BEIRUT, 7 October 2005 — The government announced plans yesterday to abolish its state security department as part of a shake-up of the security services after former powerbroker Syria’s troop pullout from Lebanon after a 29-year presence.
The move came as officials aimed to fill the intelligence vacuum left when Lebanon’s three ex-security chiefs and the presidential guard chief were charged in a UN probe into the February killing of former premier Rafiq Hariri.
Information Minister Ghazi Aridi said that Gen. Elias Keikati had been named as interim head of state security and would serve until the department was eliminated, but gave no further details.
Aridi had said earlier in the week that a new head of state security would be named.
The aides to President Emile Lahoud arrested in September were his guard chief Mustafa Hamdan, ex-internal security head Ali Al-Hage, former army intelligence director Raymond Azar and general security chief Jamil Al-Sayed.
They were pivotal elements of the security apparatus installed by Syria, which in April ended its military presence in its smaller neighbor amid local and international outcry over Hariri’s assassination.

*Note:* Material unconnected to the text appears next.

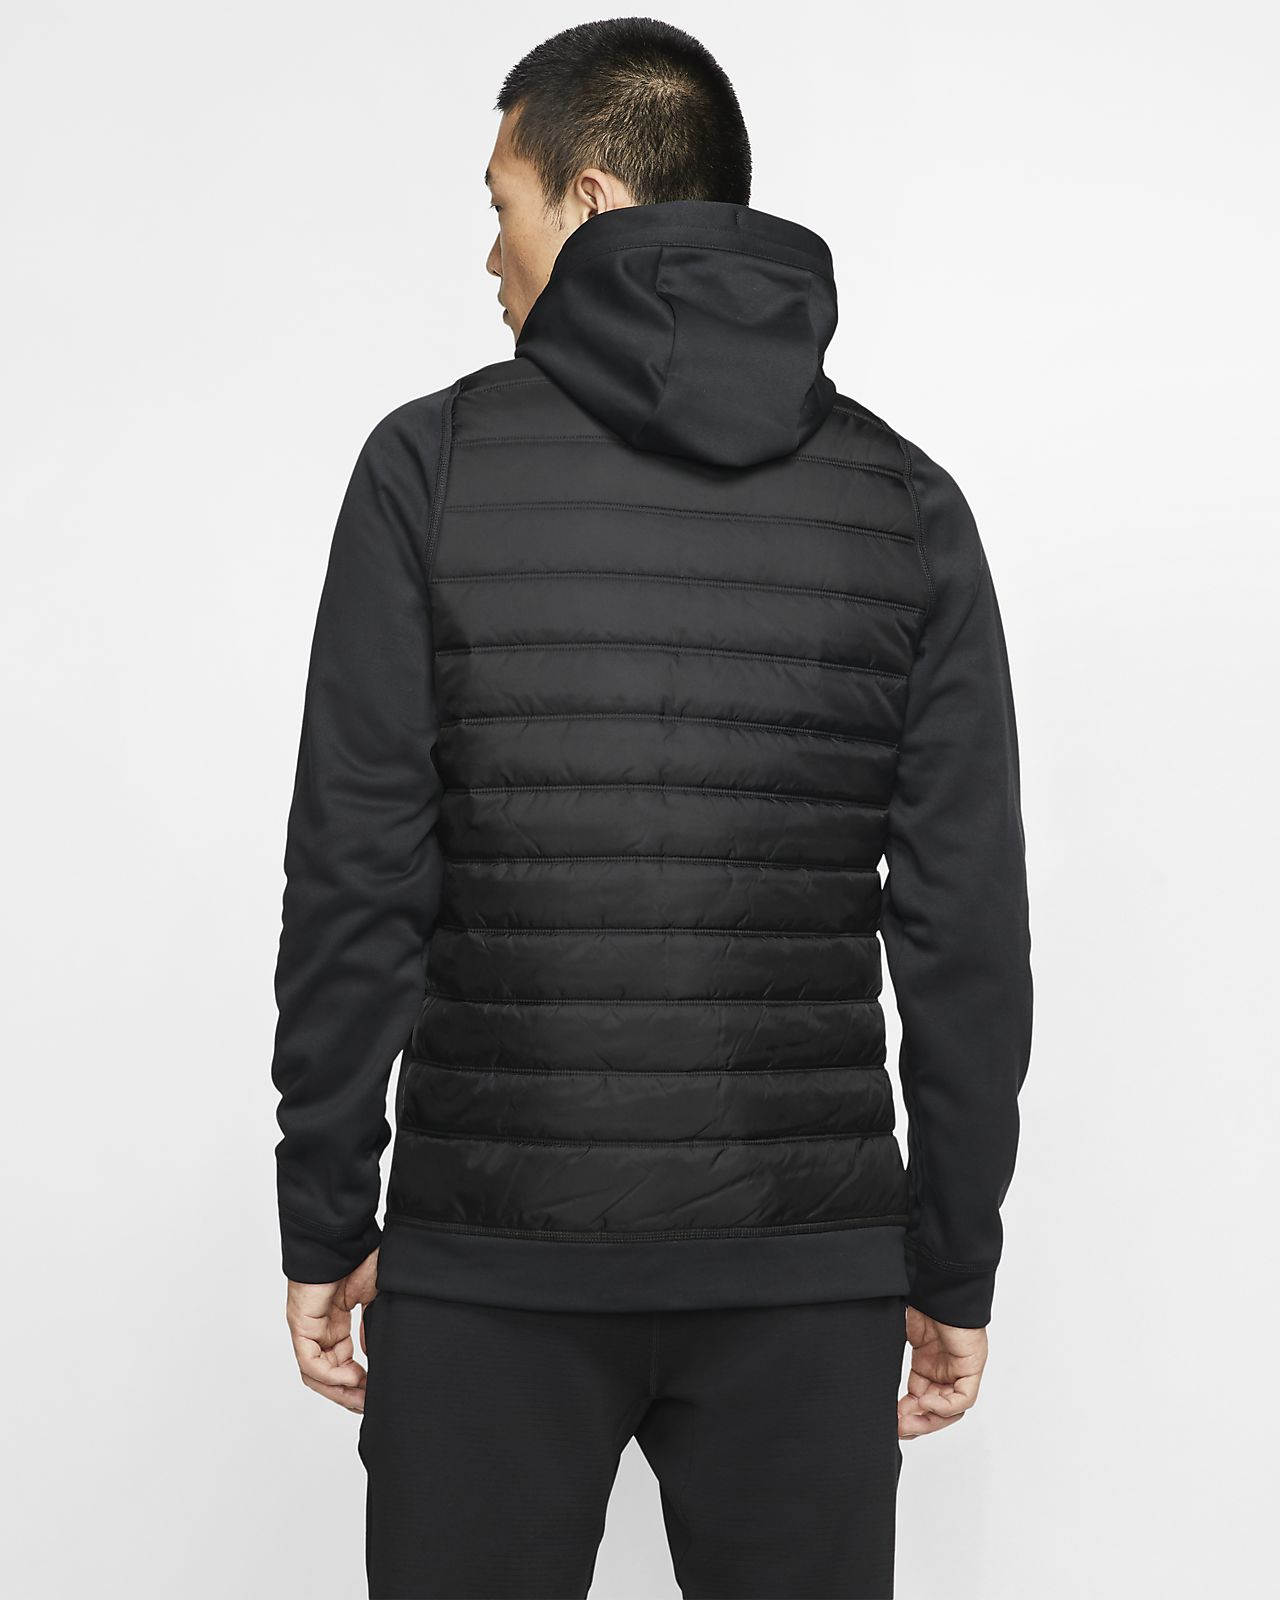 $120 Nike Therma Winterized Full-Zip Hoodie Athletic Jacket Sport Gym Sz M Black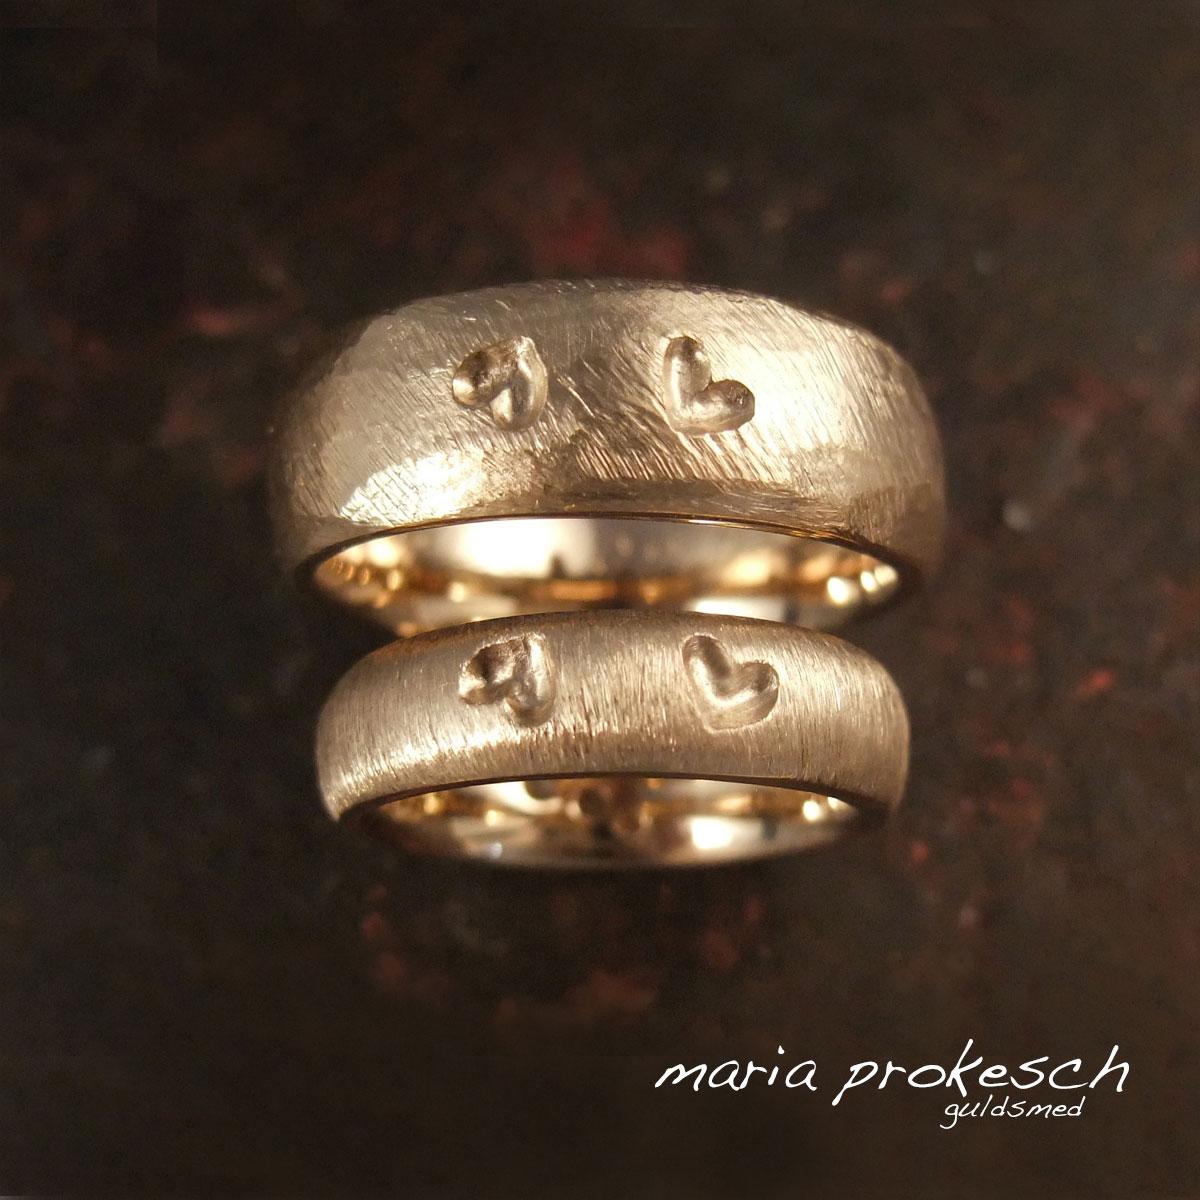 Hjerte vielsesringe i 14 kt guld, rustikke overflader med to hjerter som fordybninger. Håndlavet efter kundernes personlige ønsker

Damascus has consistently denied any involvement in a series of bomb blasts that have targeted prominent anti-Syrian politicians and journalists since Hariri’s death.
The Lebanese government is hoping to stop the wave of killings with a reorganized security establishment.
Lebanon named a new general security director, army chief of staff and head of the superior justice council following an extraordinary Cabinet meeting on Tuesday.
The government also decided at its meeting yesterday to set up a new department at the Labor Ministry for Syrian workers in Lebanon, the information minister told reporters.
“It’s only a measure to organize the stay of the Syrian workers so to provide them with better security,” Aridi said.
Damascus has demanded compensation from Beirut for workers it says were targeted in Lebanon, alleging that a number of its workers were attacked and forced to flee after Hariri was killed.
Before Syria’s army pullout, between 300,000 and 400,000 Syrian laborers were employed in Lebanon, mostly in construction and agriculture, but the figure has since dropped sharply.
In parliamentary debate on Wednesday night, Prime Minister Fuad Siniora defended his government’s decision to seek US and French assistance in the hunt for Hariri’s killers.